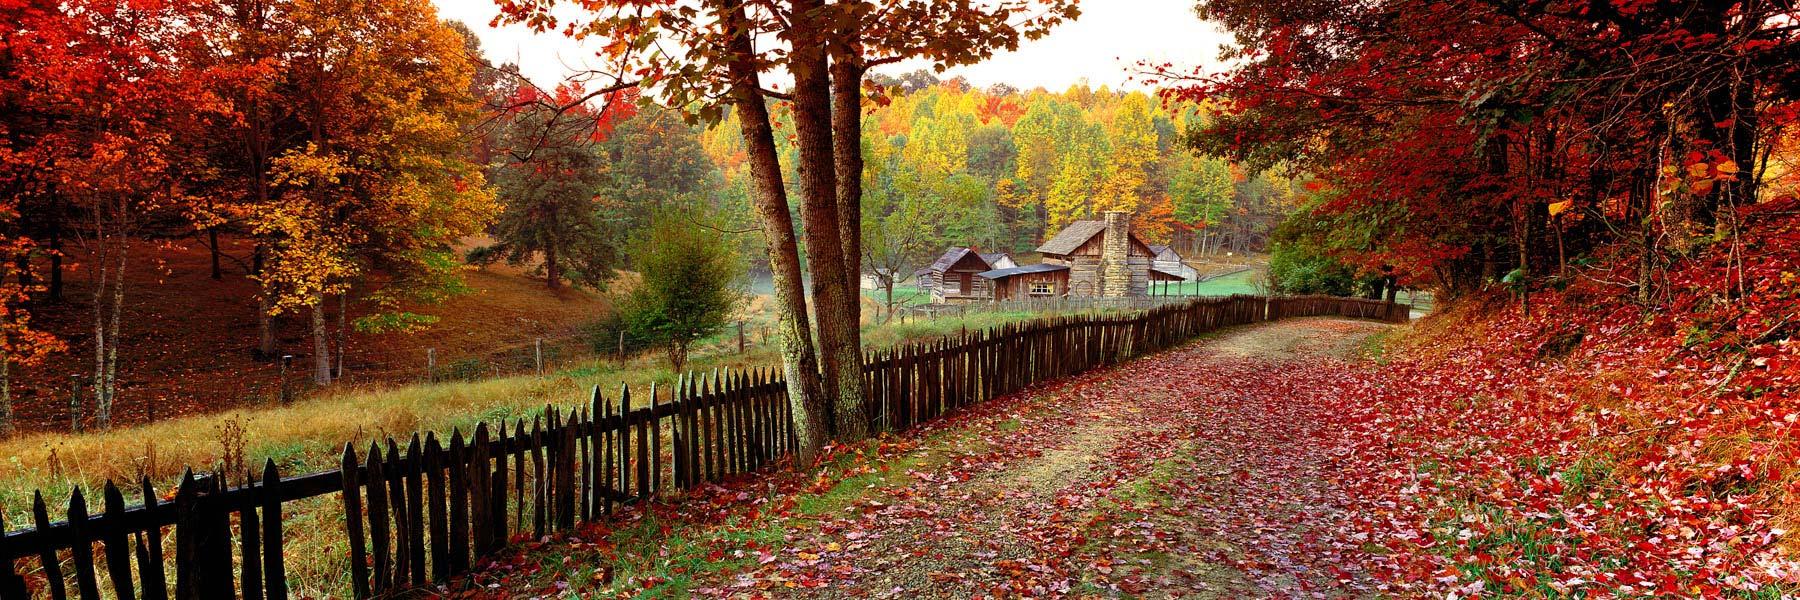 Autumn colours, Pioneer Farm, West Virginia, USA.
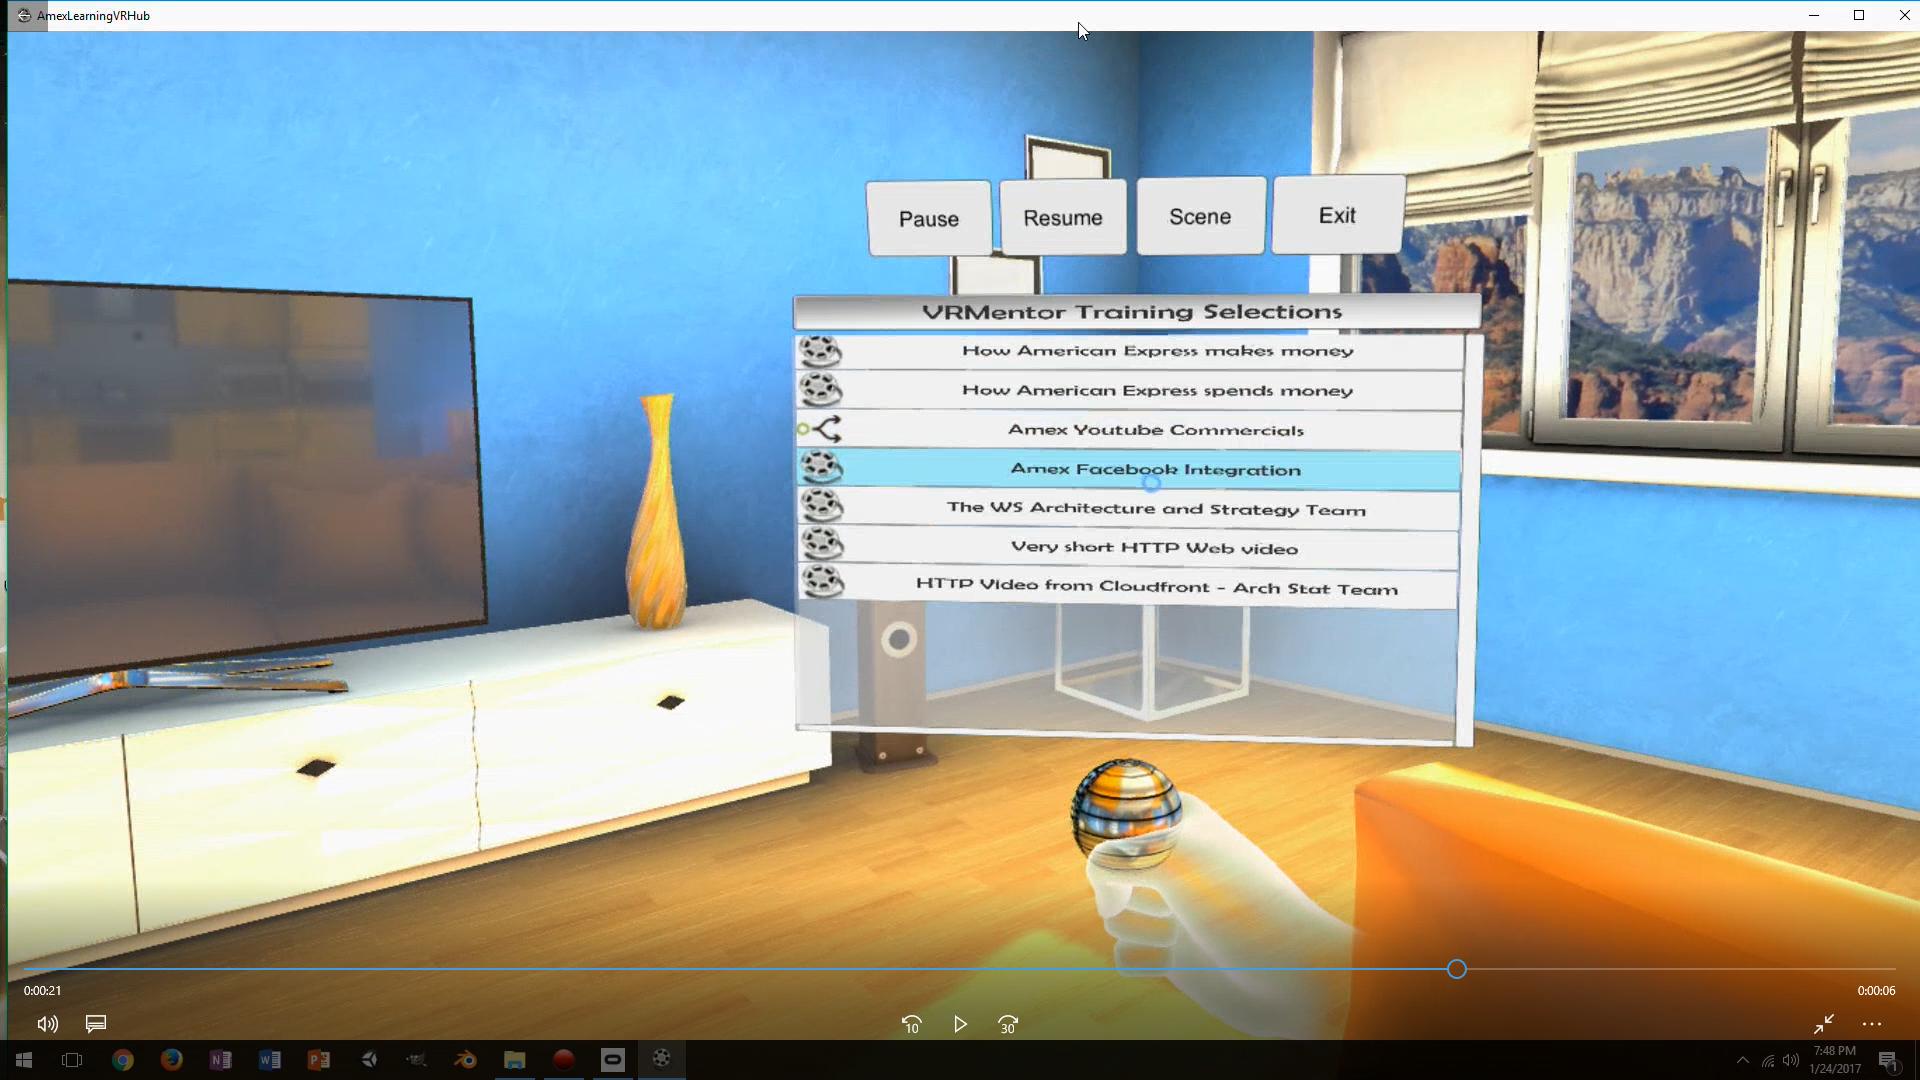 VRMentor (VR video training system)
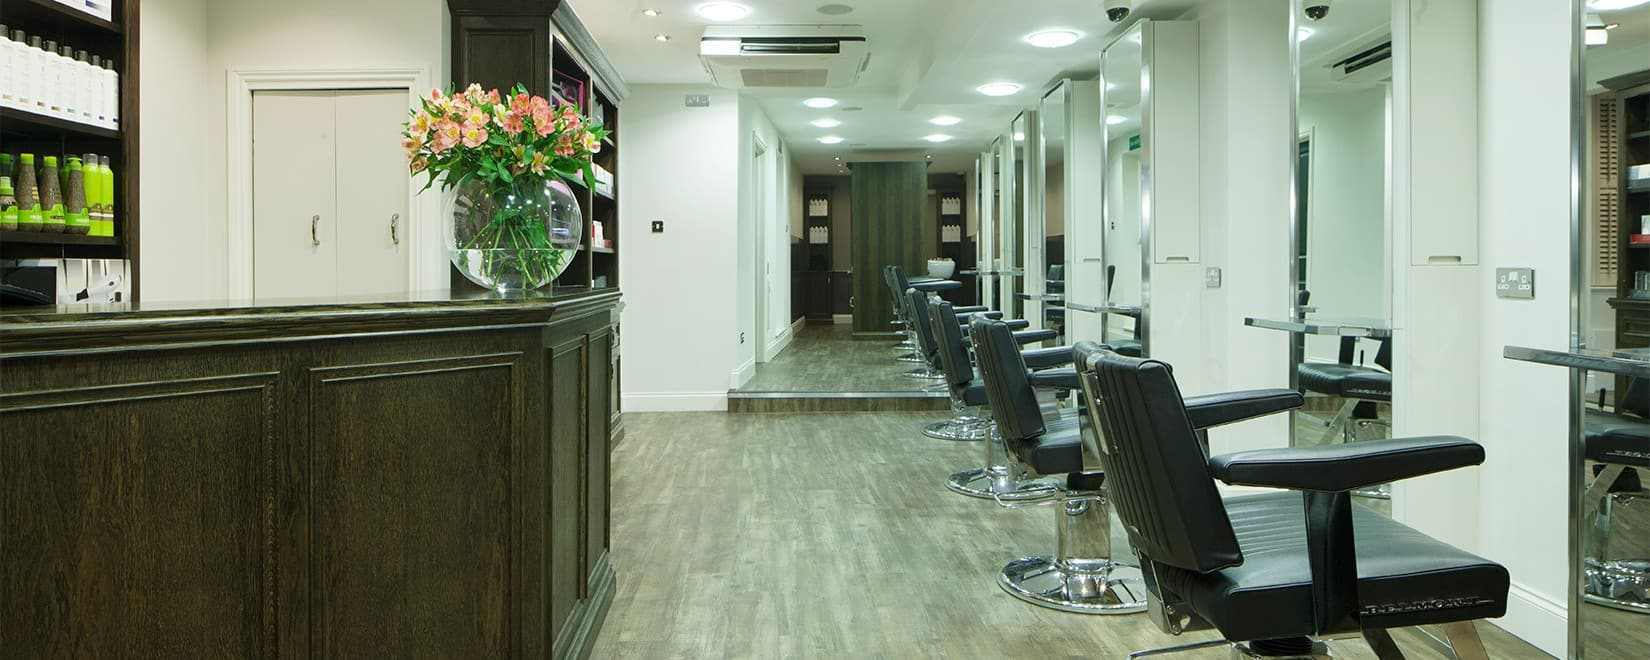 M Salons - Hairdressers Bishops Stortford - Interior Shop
__________
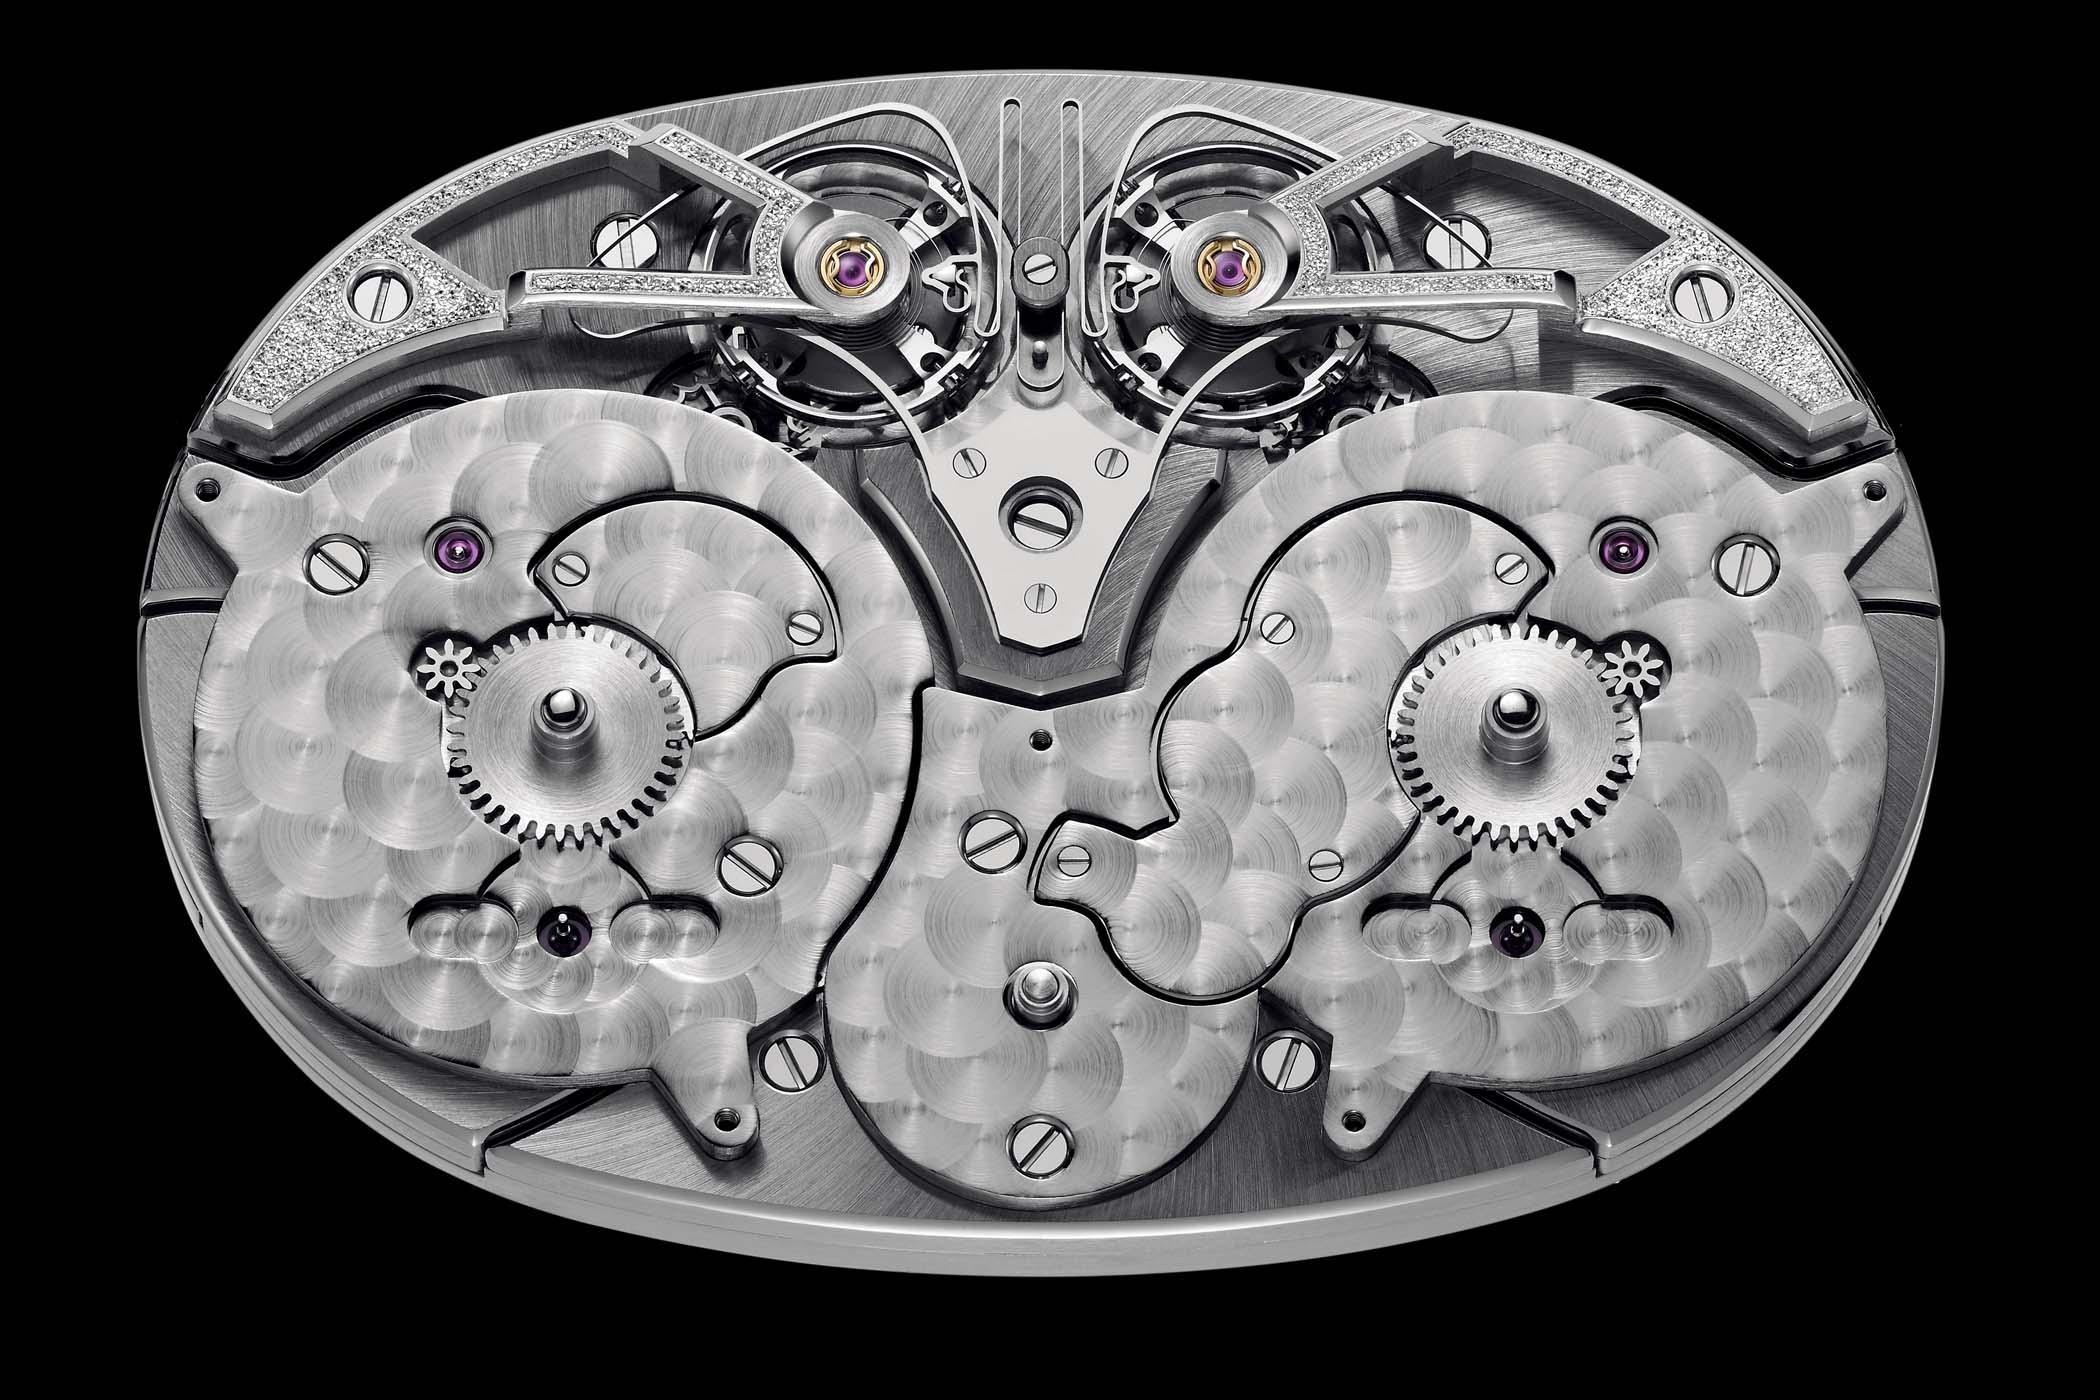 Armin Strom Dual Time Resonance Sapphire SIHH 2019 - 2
__________
Print, word for word, the lines above that run from the line containing "Autumn colours, Pioneer" to the line containing "M Salons - Hairdressers", both included. Keep the pictures out.

| Solution |
 Autumn colours, Pioneer Farm, West Virginia, USA.
 VRMentor (VR video training system)
 M Salons - Hairdressers Bishops Stortford - Interior Shop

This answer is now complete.